Женщина-хранительница домашнего очага отдает все, чтобы ее мужчина творил прекрасное. “мать!” была бы идеальным фильмом для тех, кто лелеет в себе скрепы, если бы Аронофски не решился на свою, как ему кажется, радикальную трактовку Евхаристии, которая может возмутить (прежде всего, тем, что сделана она прикола ради).

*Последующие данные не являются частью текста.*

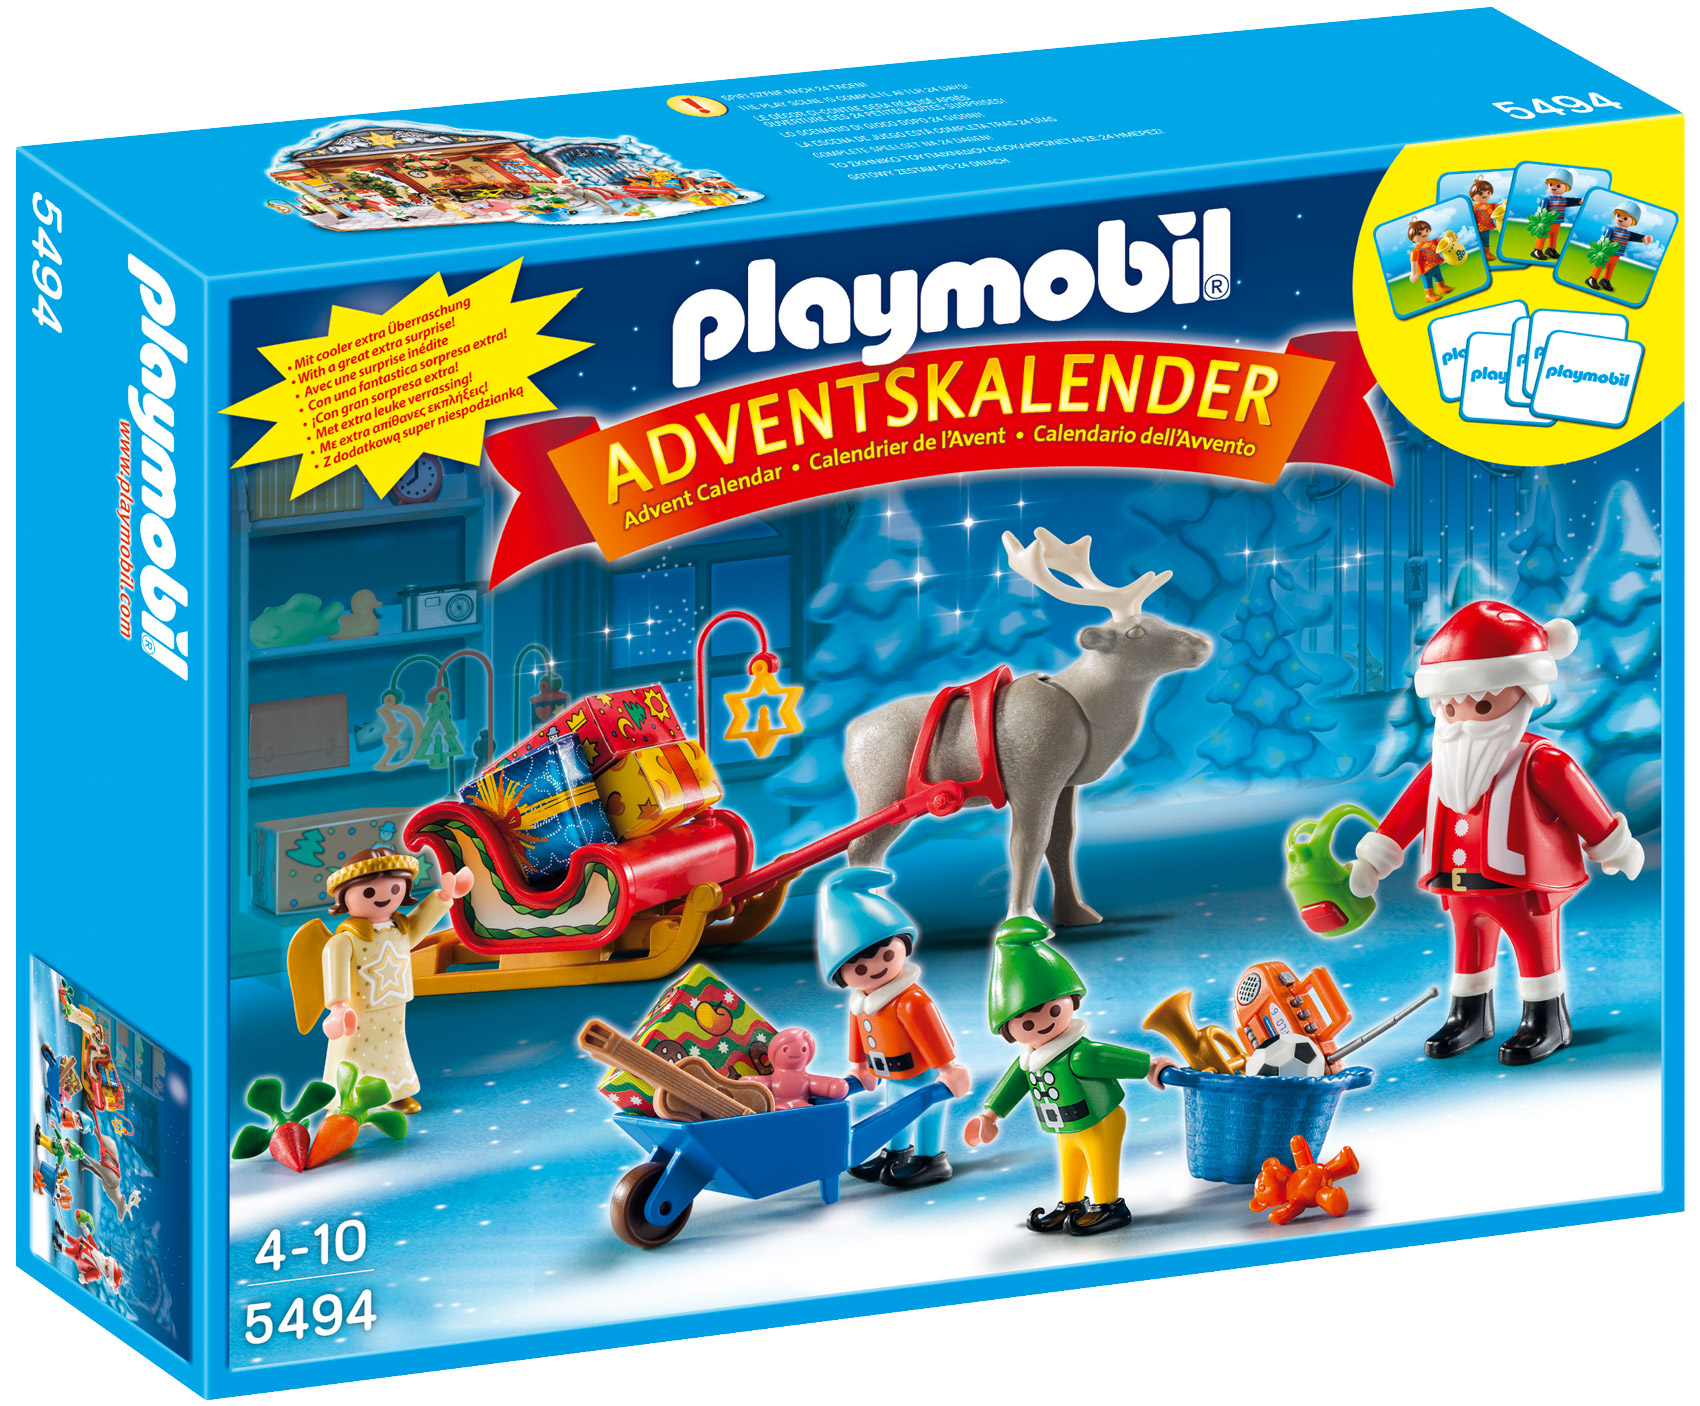 Playmobil - Calendrier de l'Avent Réveillon de Noël - 5496

Впрочем, надо отдать должное: провокация удалась, фильм обсуждают. Хорошая промо-кампания – красивые постеры; трейлер, который обманывает, но не настолько, чтобы зрители побежали требовать назад деньги за билеты, – наложилась на мудрые индустриальные решения: отказ от предварительных тестовых просмотров (обязательная нынче практика для студийных фильмов) и сохранение секретности, ну и на сам фильм, отчаянно пытающийся заставить зрителя нервничать.
Относительная открытость для интерпретаций оставляет важное для подобных эскапад пространство: что бы ты скептик ни написал об этом фильме, всегда найдется что-то, о чем он забыл упомянуть, и это “что-то” – смертельно важное и сразу ставит его критику под сомнение. Словом, “мать!” – хорошая основа для секты, хоть нашелся Ричард Броуди из “Нью-Йоркера”, который решил, что фильм Аронофски – это, наоборот, критическая сатира о популярности художника и пророчестве поэтов (возьми последнее за основу всерьез – получится ну просто-таки идеальная тема для украинского кино).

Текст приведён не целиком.